Member of the Chamber of Deputies
- In office 15 May 1973 – 21 September 1973

Governor of Talca Province
- In office 1 July 1971 – 3 November 1972

Personal details
- Born: 17 June 1937 Santiago, Chile
- Died: 4 August 1999 (aged 62) Talca, Chile
- Political party: Socialist Party of Chile
- Spouse: Eliana Gutiérrez
- Children: Four
- Occupation: Politician

= Guillermo Muñoz Zúñiga =

Chilean politician

Guillermo Muñoz Zúñiga (17 June 1937 – 4 August 1999) was a Chilean accountant and Socialist Party politician.

He served as Deputy for the 12th Departmental District (Talca, Lontué and Curepto) in 1973 and as Governor (Intendente) of Talca Province from 1971 to 1972.

==Biography==
He was the son of Julio Muñoz Muñoz and Guillermina Zúñiga Rivera. He married Eliana Gutiérrez Pérez, with whom he had four children.

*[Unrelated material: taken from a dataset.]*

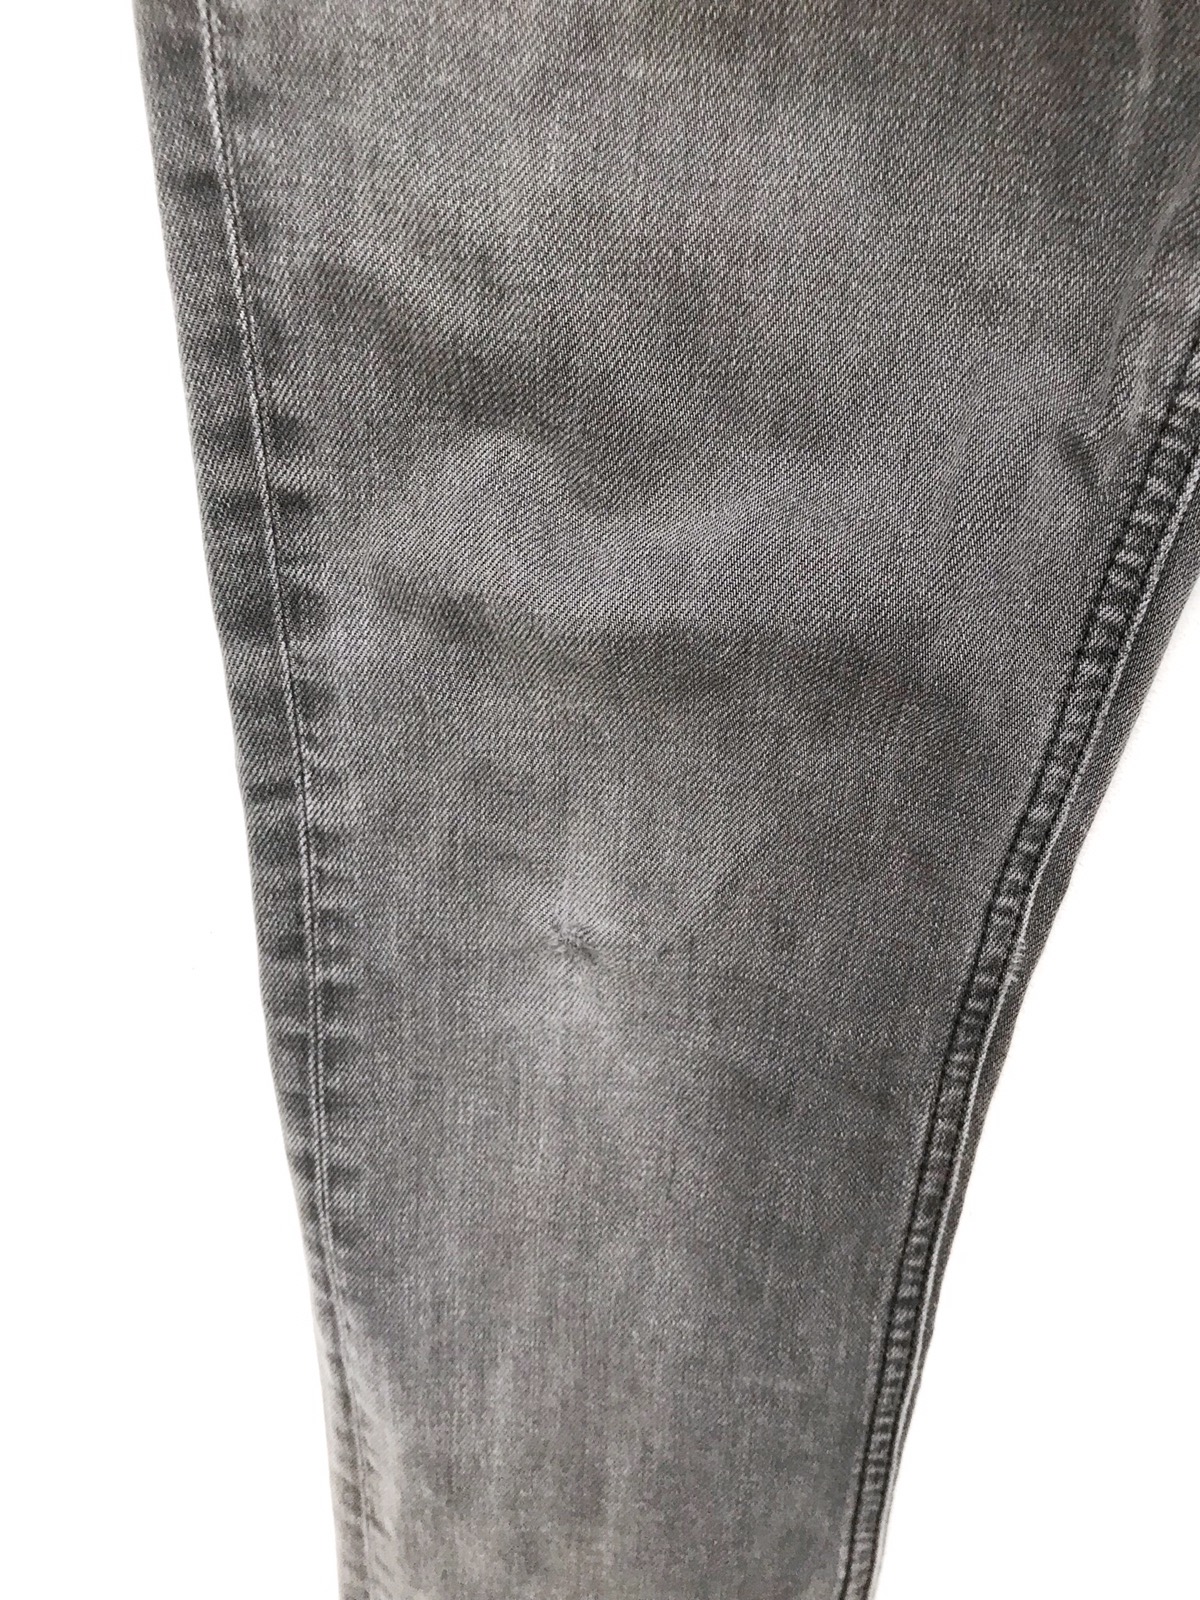 Acne Studios Distressed Skinny Jeans - 7

He studied at the Instituto Superior de Comercio of Talca, where he obtained the degree of accountant. In 1957, he presided over the General Student Center, and between 1956 and 1958 he was a leader of the Student Federation of Talca.

He joined the Socialist Youth (JS) in 1958. That year, he held the positions of branch leader and sectional secretary in Talca. Later, between 1963 and 1969, he served as sectional secretary in Molina, and between 1965 and 1971, he was regional secretary for Talca. In 1965, he served as finance secretary of the Departmental Council of Lontué and Molina, and collaborated with the Central Única de Trabajadores (CUT).

As a collaborator of the Popular Unity government, on 1 July 1971 he was appointed Governor (Intendente) of the province of Talca, a position he held until 3 November 1972.

In 1973, he was elected Deputy for the 12th Departmental District of Lontué, Curepto, and Talca. His term was interrupted by the coup d’état of 11 September 1973.

In 1980, during the military dictatorship, he was detained after being accused of belonging to an alleged “extremist group” in Talca. He managed to leave for Spain in 1983 thanks to the efforts of Spanish authorities and the intervention of the Socialist deputy Txiki Benegas.